On the reimbursement side, Medicare physician payments have declined 29% in inflation-adjusted terms between 2001 and 2024. That means a doctor seeing Medicare patients today earns nearly a third less in real purchasing power than they would have two decades ago. When operating costs keep climbing but payments don’t keep pace, some practices stop accepting new patients, scale back their hours, or close entirely.
Concierge Medicine Pulls Doctors Away
One growing trend is making the shortage feel even worse for most patients. Concierge and direct primary care practices, where patients pay an annual fee for enhanced access, have been expanding steadily. A typical primary care doctor manages a panel of 2,000 to 3,000 patients. A concierge physician serves 400 to 600. That means each doctor who switches to a concierge model effectively removes access for roughly 1,500 to 2,400 patients who need to find care elsewhere.

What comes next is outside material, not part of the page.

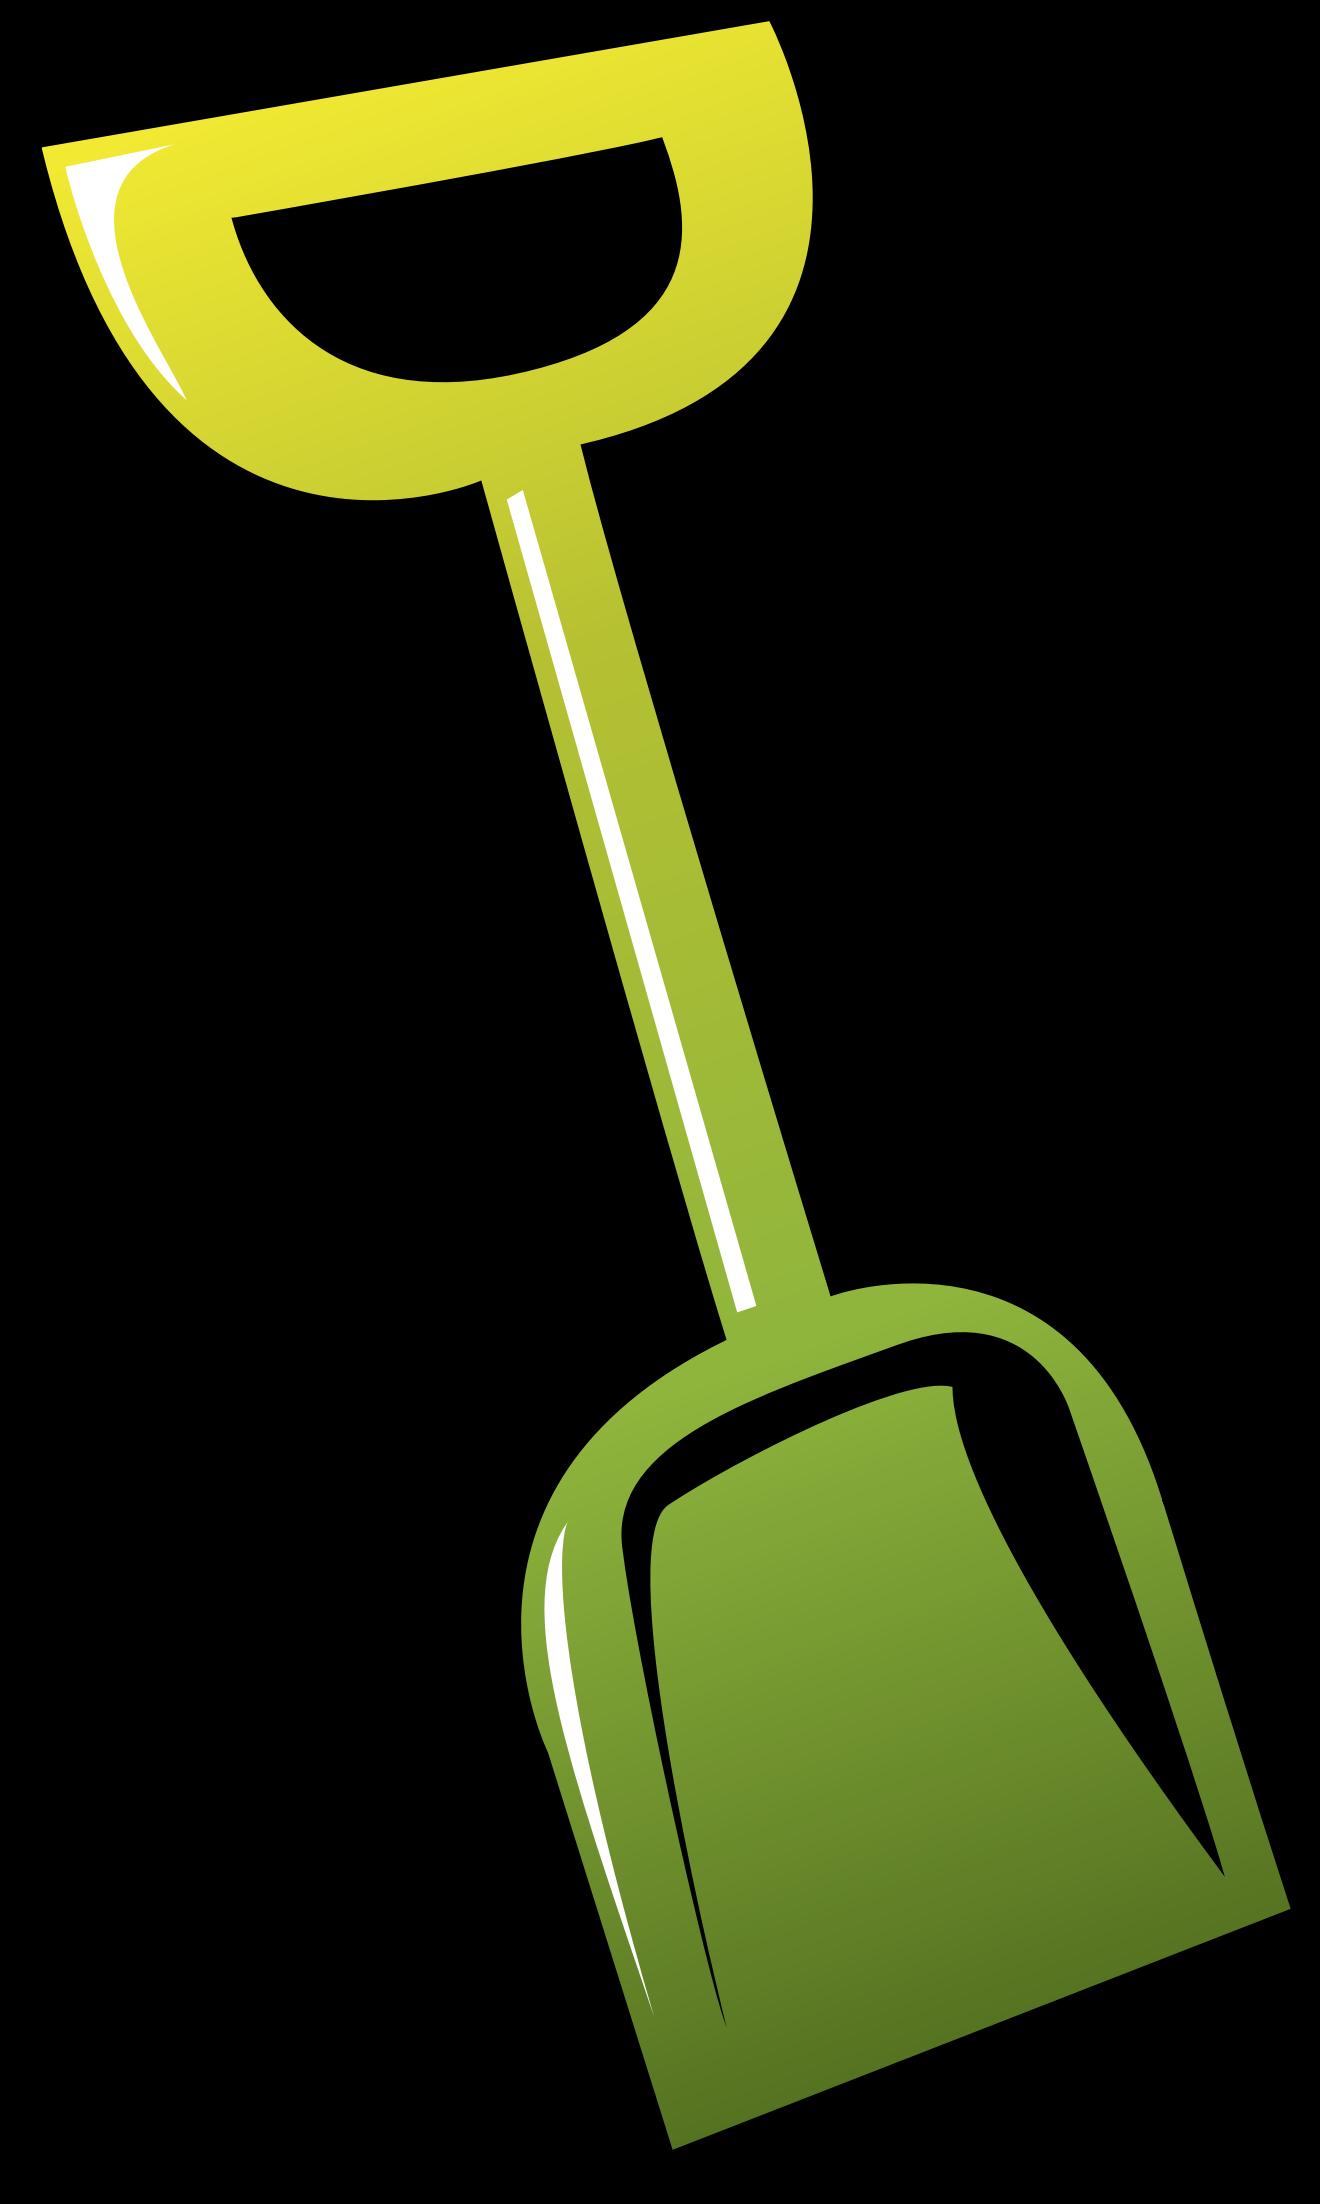 Sand Shovel Clipart Clipart - summer shovel
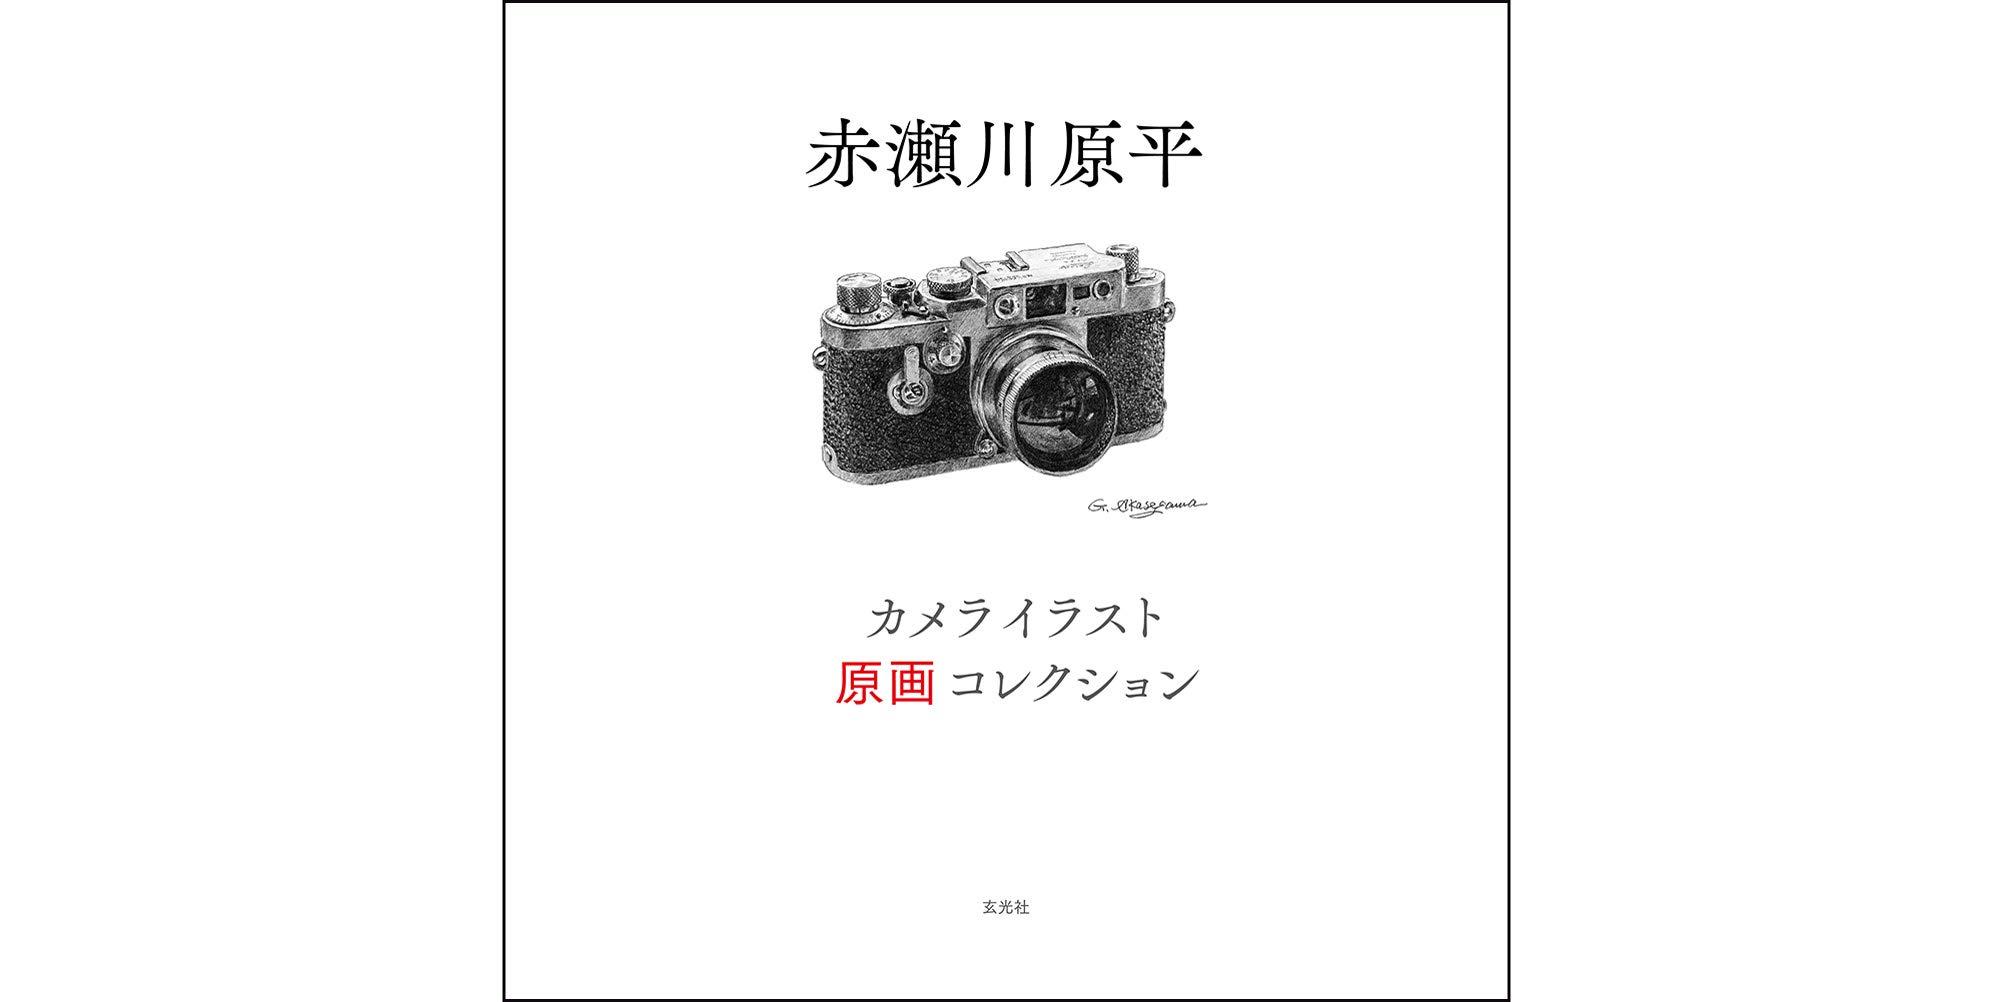 赤瀬川原平 カメライラスト原画コレクション 赤瀬川原平 本 通販

For the doctors, it’s easy to see the appeal. Concierge physicians see 6 to 8 patients a day instead of 20 to 24, with more time per visit and less paperwork. But every physician who makes that switch tightens the supply for everyone else.
Hospital and Corporate Consolidation
The way doctor’s offices are owned and managed has shifted dramatically. At least 47% of physicians were employed by or affiliated with hospital systems in 2024, up from less than 30% in 2012. Private equity firms have also moved in, owning or investing in practices that cover about 6.5% of physicians nationally, with higher concentrations in certain specialties.
What this means for patients isn’t fully understood yet. A 2025 Government Accountability Office review found a lack of rigorous studies on how hospital system consolidation affects patient access. But in practice, when independent offices get absorbed into larger systems, scheduling often gets centralized, new patient slots can shrink, and the priority shifts toward the system’s financial targets rather than community need.
What This Looks Like for Patients
The practical result is the frustration you’re probably already experiencing. Average wait times by specialty tell the story: 34.5 days for dermatology, 31.4 days for OB/GYN, 26.6 days for cardiology, and 20.6 days for family medicine. These are averages across 15 major cities, and many people in smaller markets or underserved areas wait considerably longer.
Some strategies can help in the short term. Nurse practitioners and physician assistants now provide primary care in many settings and often have shorter wait times. Federally qualified health centers serve patients regardless of insurance status and exist specifically in shortage areas. Telehealth has also expanded access for conditions that don’t require a physical exam. None of these solve the underlying supply problem, but they can get you seen faster when finding a physician feels impossible.